[AVAILABLE DATA — start]

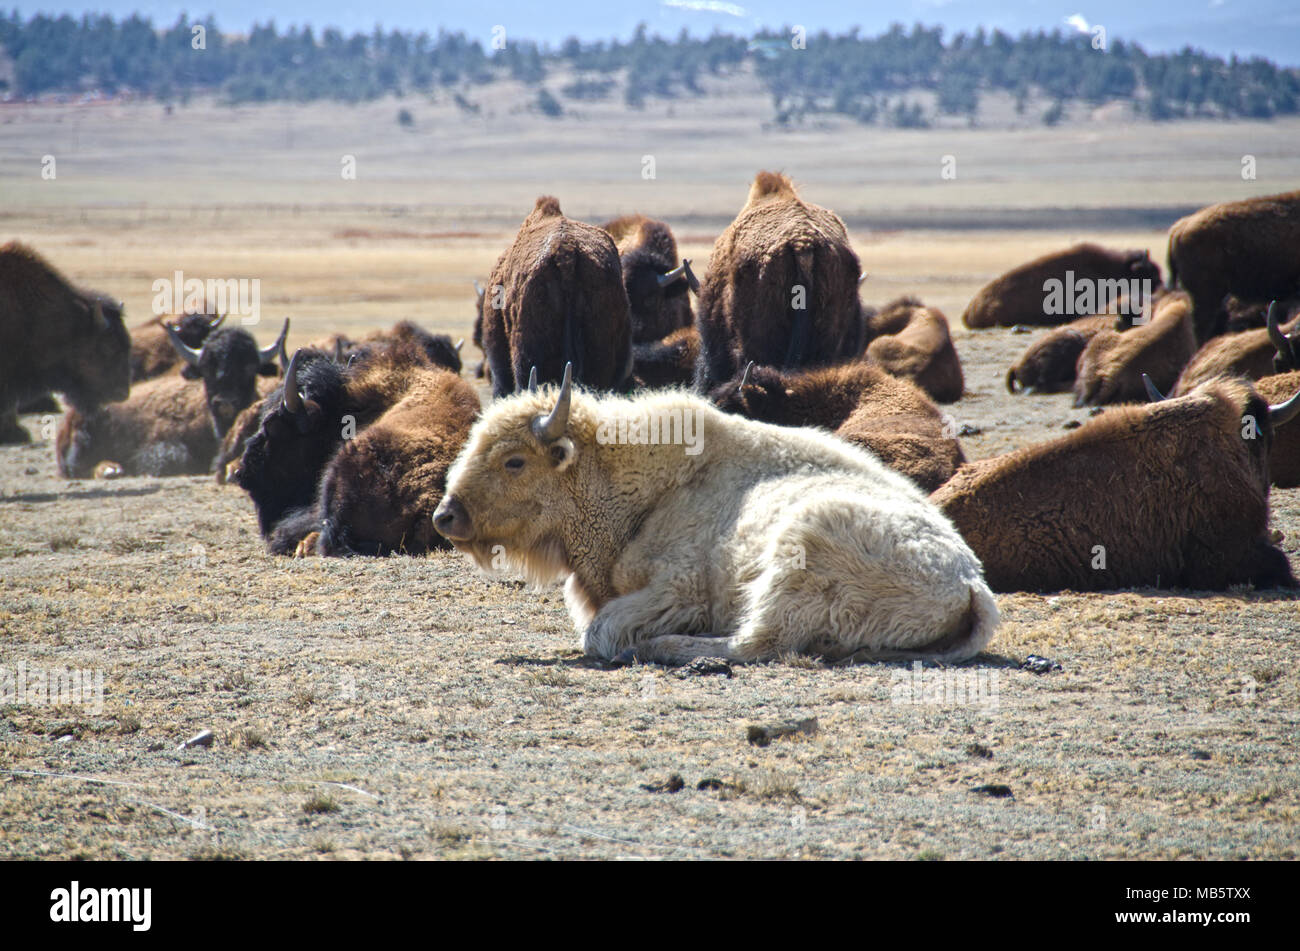 Un bisonte o búfalo blanco, pensado para ser sagrado para muchas tribus de indios nativos americanos, sentada con su rebaño cerca Hartsel, Colorado. Foto de stock
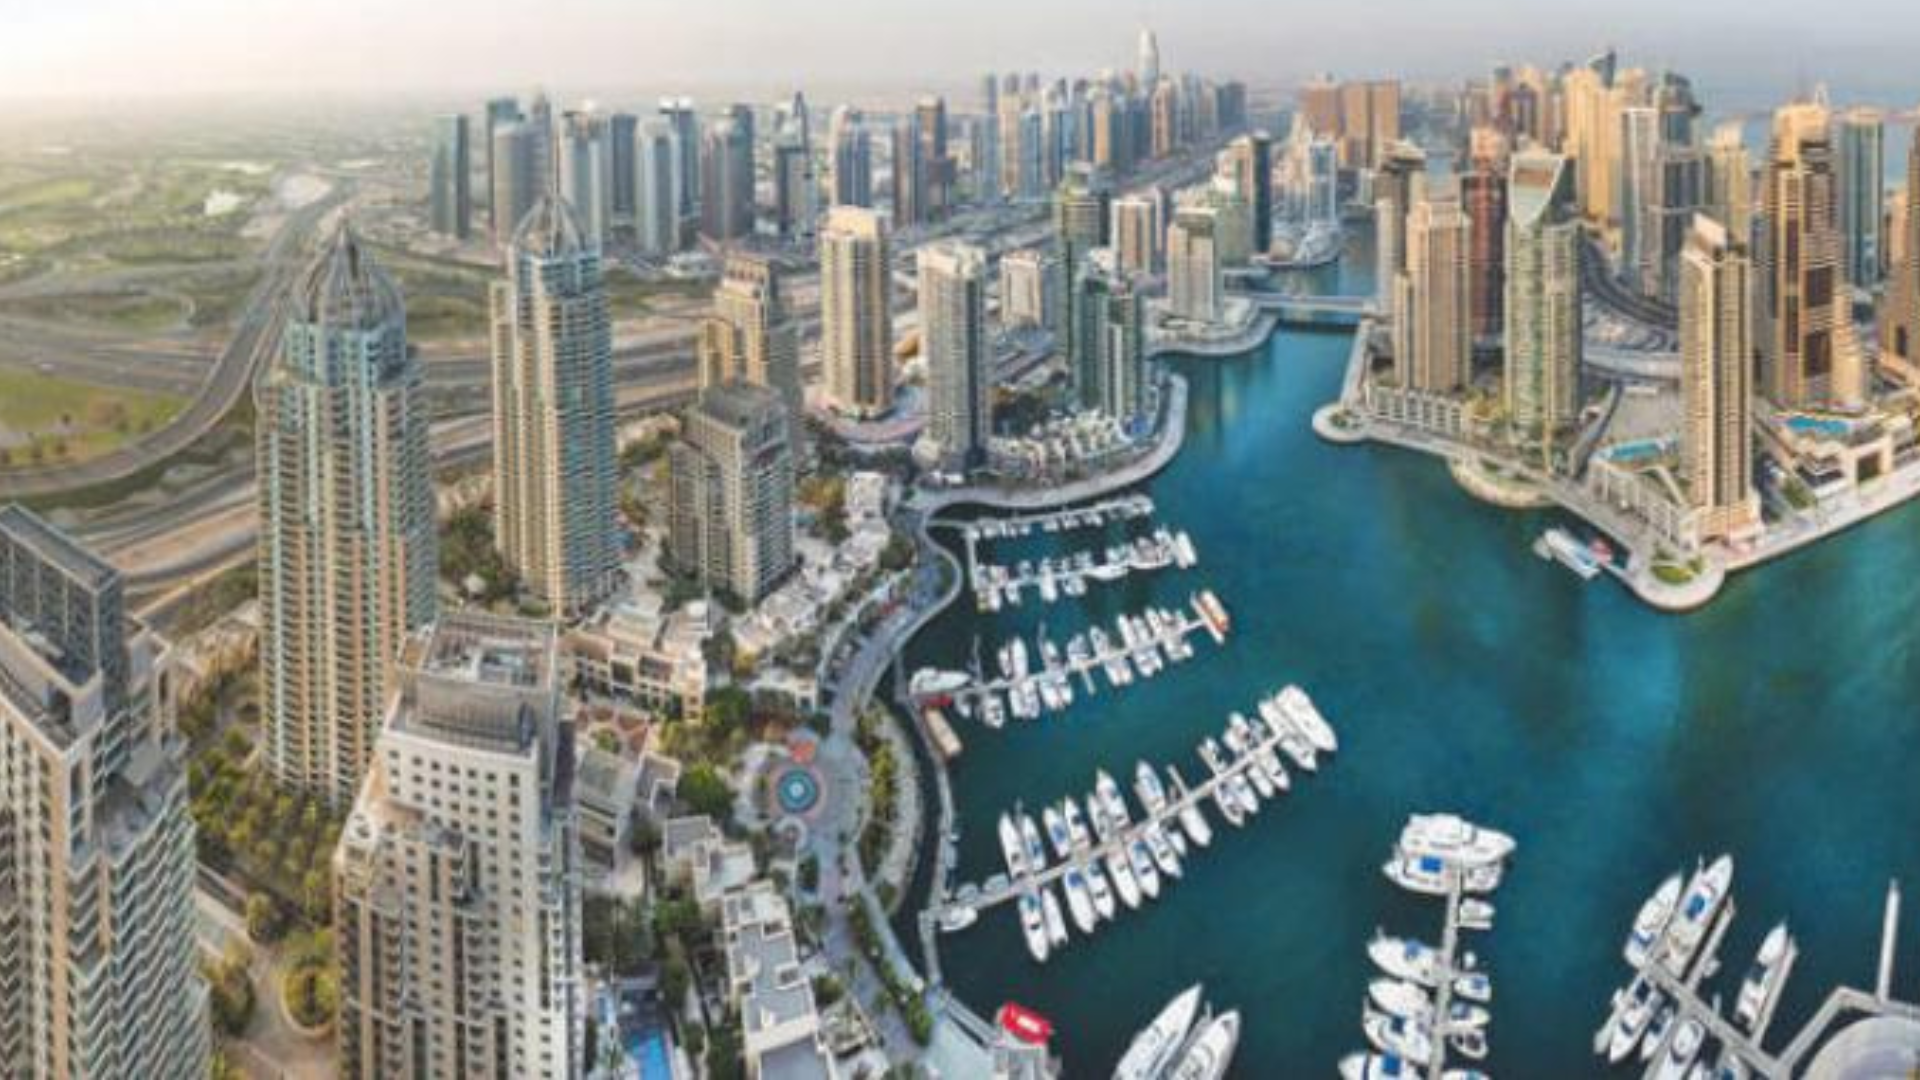  توقعات بتسارع نمو القطاع العقاري في الإمارات خلال النصف الثاني
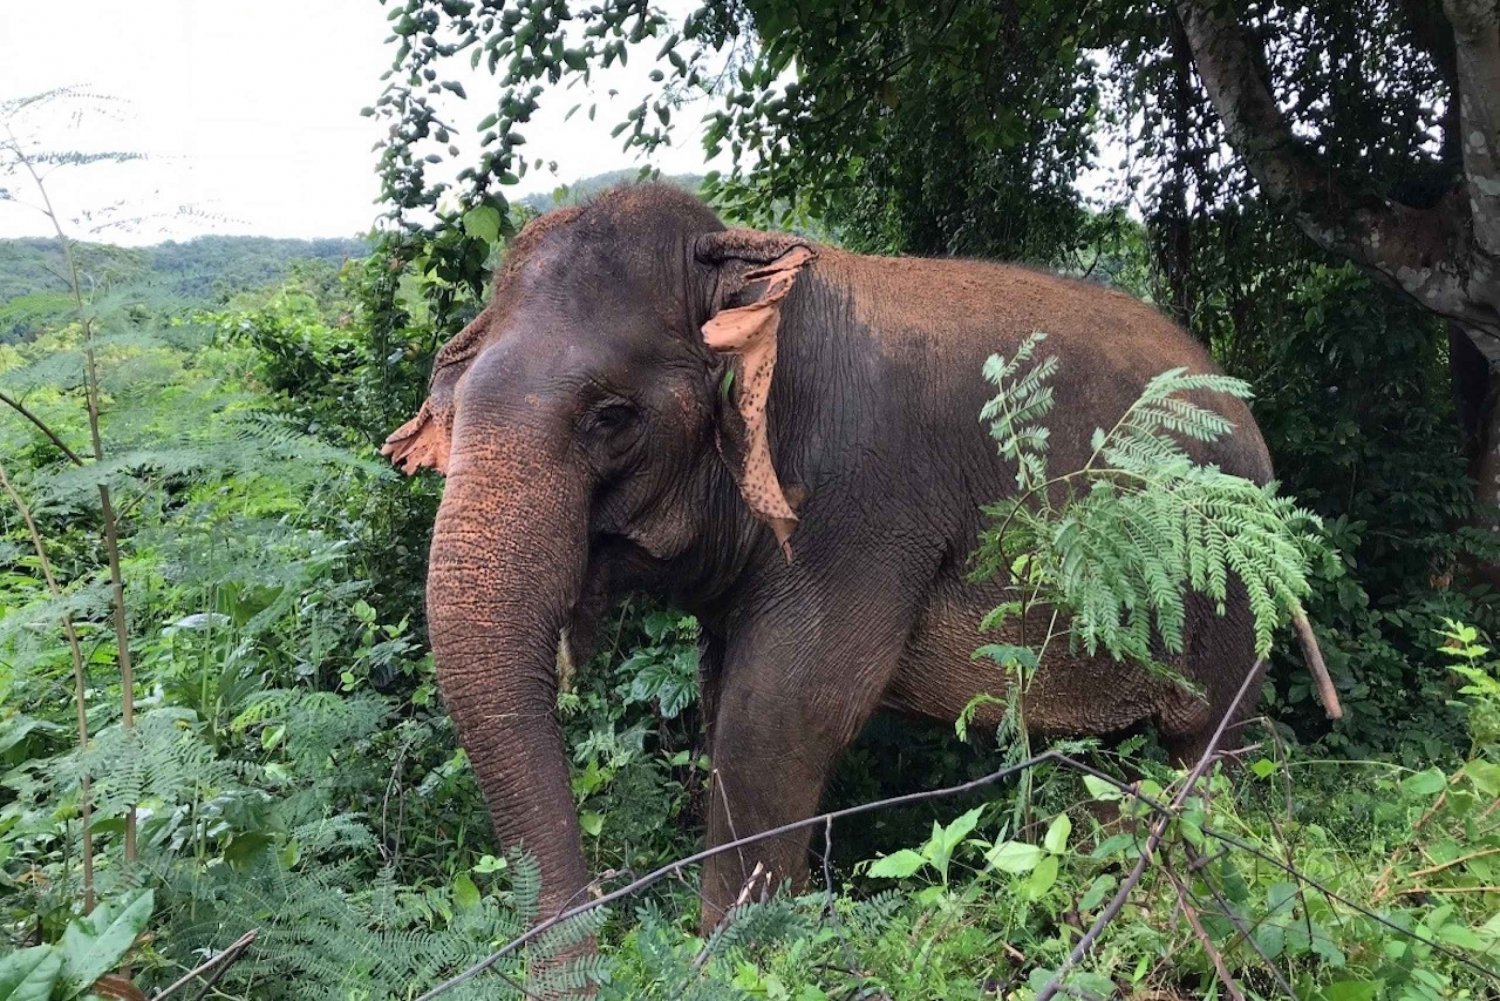 From Bangkok: Pattaya Ethical Elephant Sanctuary Interactive
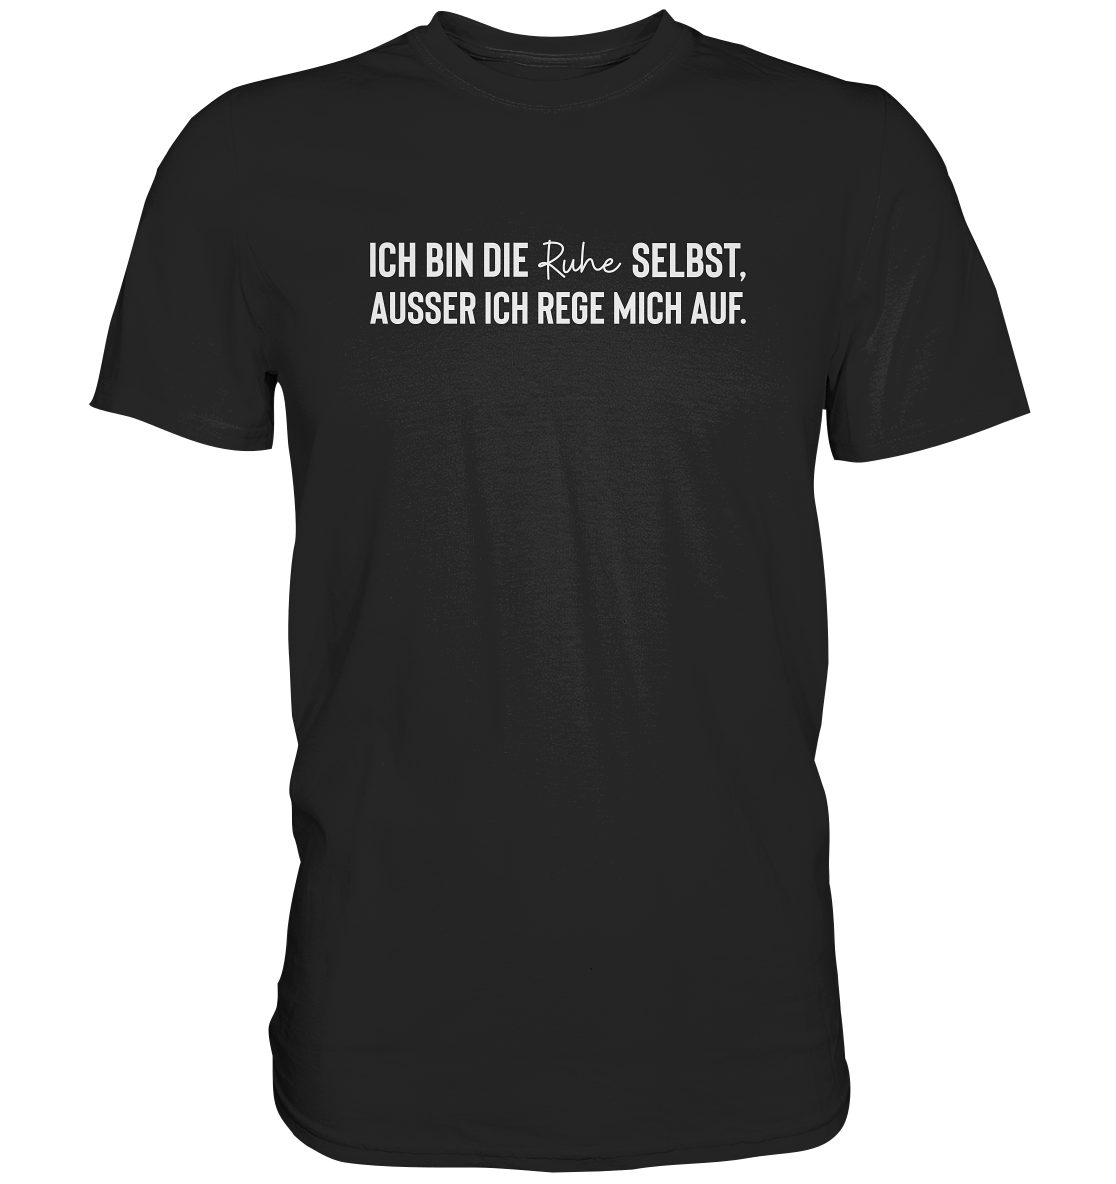 Deutschland, RABUMSEL T-Shirt Waschbeständigkeit, Farbbrillianz in Hohe Bedruckt Hohe

[AVAILABLE DATA — finish]

### TASK ITEM
Send back the listing exactly as it stands. Do not include the pictures.

### OUTPUT FOR THIS TASK
 Un bisonte o búfalo blanco, pensado para ser sagrado para muchas tribus de indios nativos americanos, sentada con su rebaño cerca Hartsel, Colorado. Foto de stock
  توقعات بتسارع نمو القطاع العقاري في الإمارات خلال النصف الثاني
 From Bangkok: Pattaya Ethical Elephant Sanctuary Interactive
 Deutschland, RABUMSEL T-Shirt Waschbeständigkeit, Farbbrillianz in Hohe Bedruckt Hohe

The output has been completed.